╭─ Exercise data
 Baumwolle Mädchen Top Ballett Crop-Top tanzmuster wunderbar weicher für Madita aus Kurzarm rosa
╰─
╭─ Exercise data
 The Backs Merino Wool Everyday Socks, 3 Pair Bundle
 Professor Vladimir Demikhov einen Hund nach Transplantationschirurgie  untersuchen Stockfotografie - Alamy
╰─
╭─ Exercise data
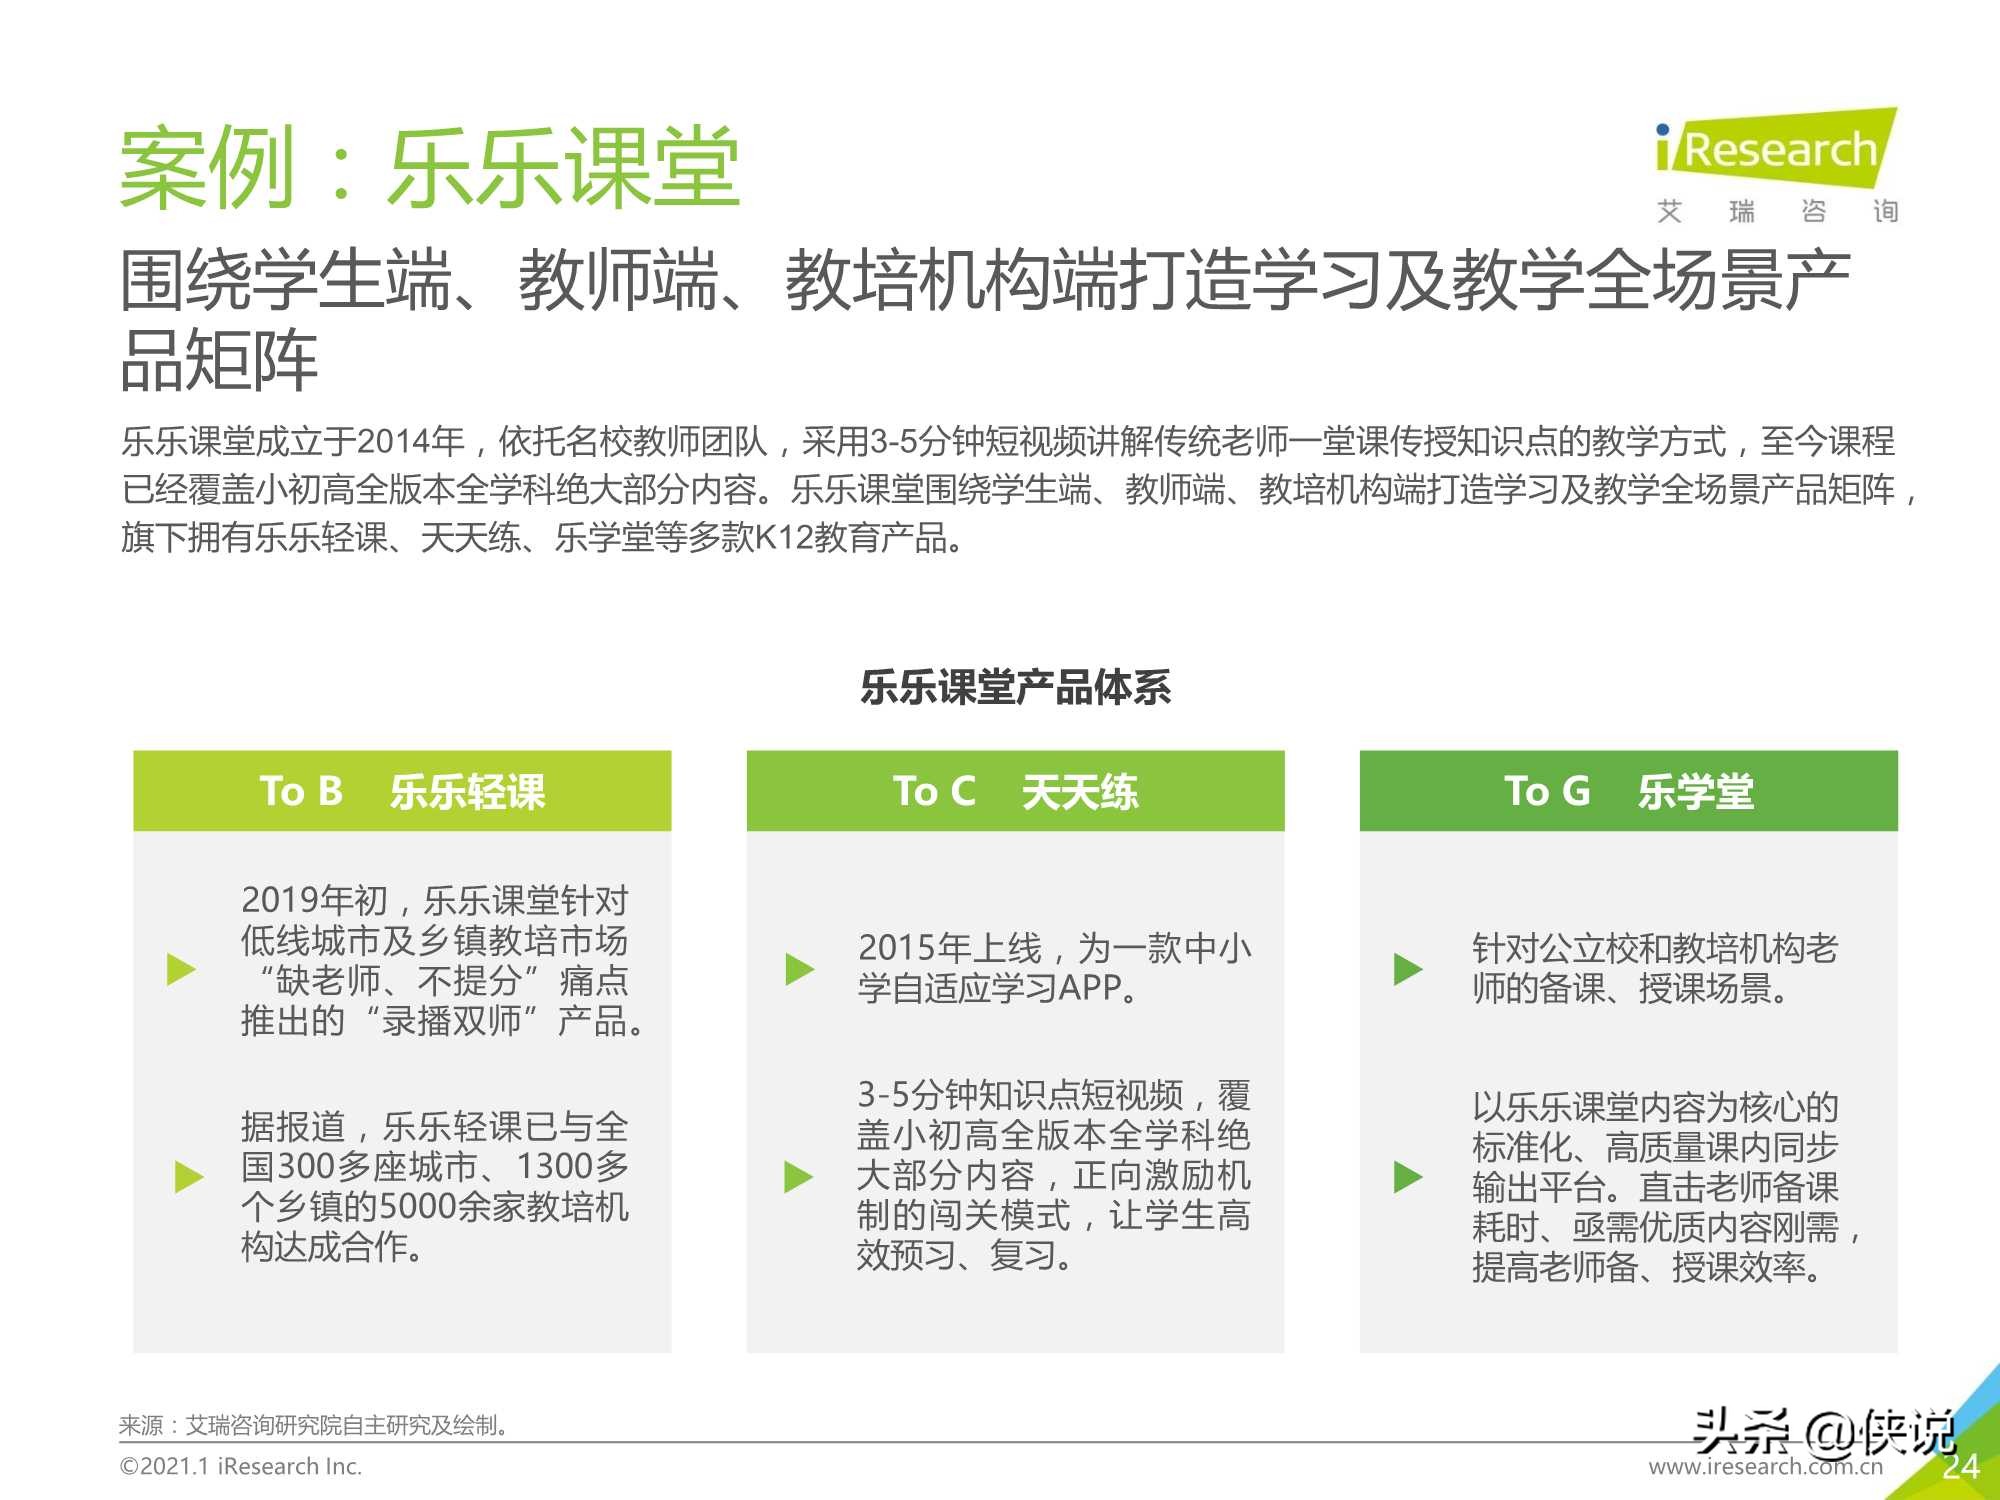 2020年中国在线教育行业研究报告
╰─
[What you are asked to do]:
When the line with "The Backs Merino" is reached in the data above, begin copying, and stop after the line with "Professor Vladimir Demikhov"; copy each line exactly, both ends included.

[Exercise answer]:
 The Backs Merino Wool Everyday Socks, 3 Pair Bundle
 Professor Vladimir Demikhov einen Hund nach Transplantationschirurgie  untersuchen Stockfotografie - Alamy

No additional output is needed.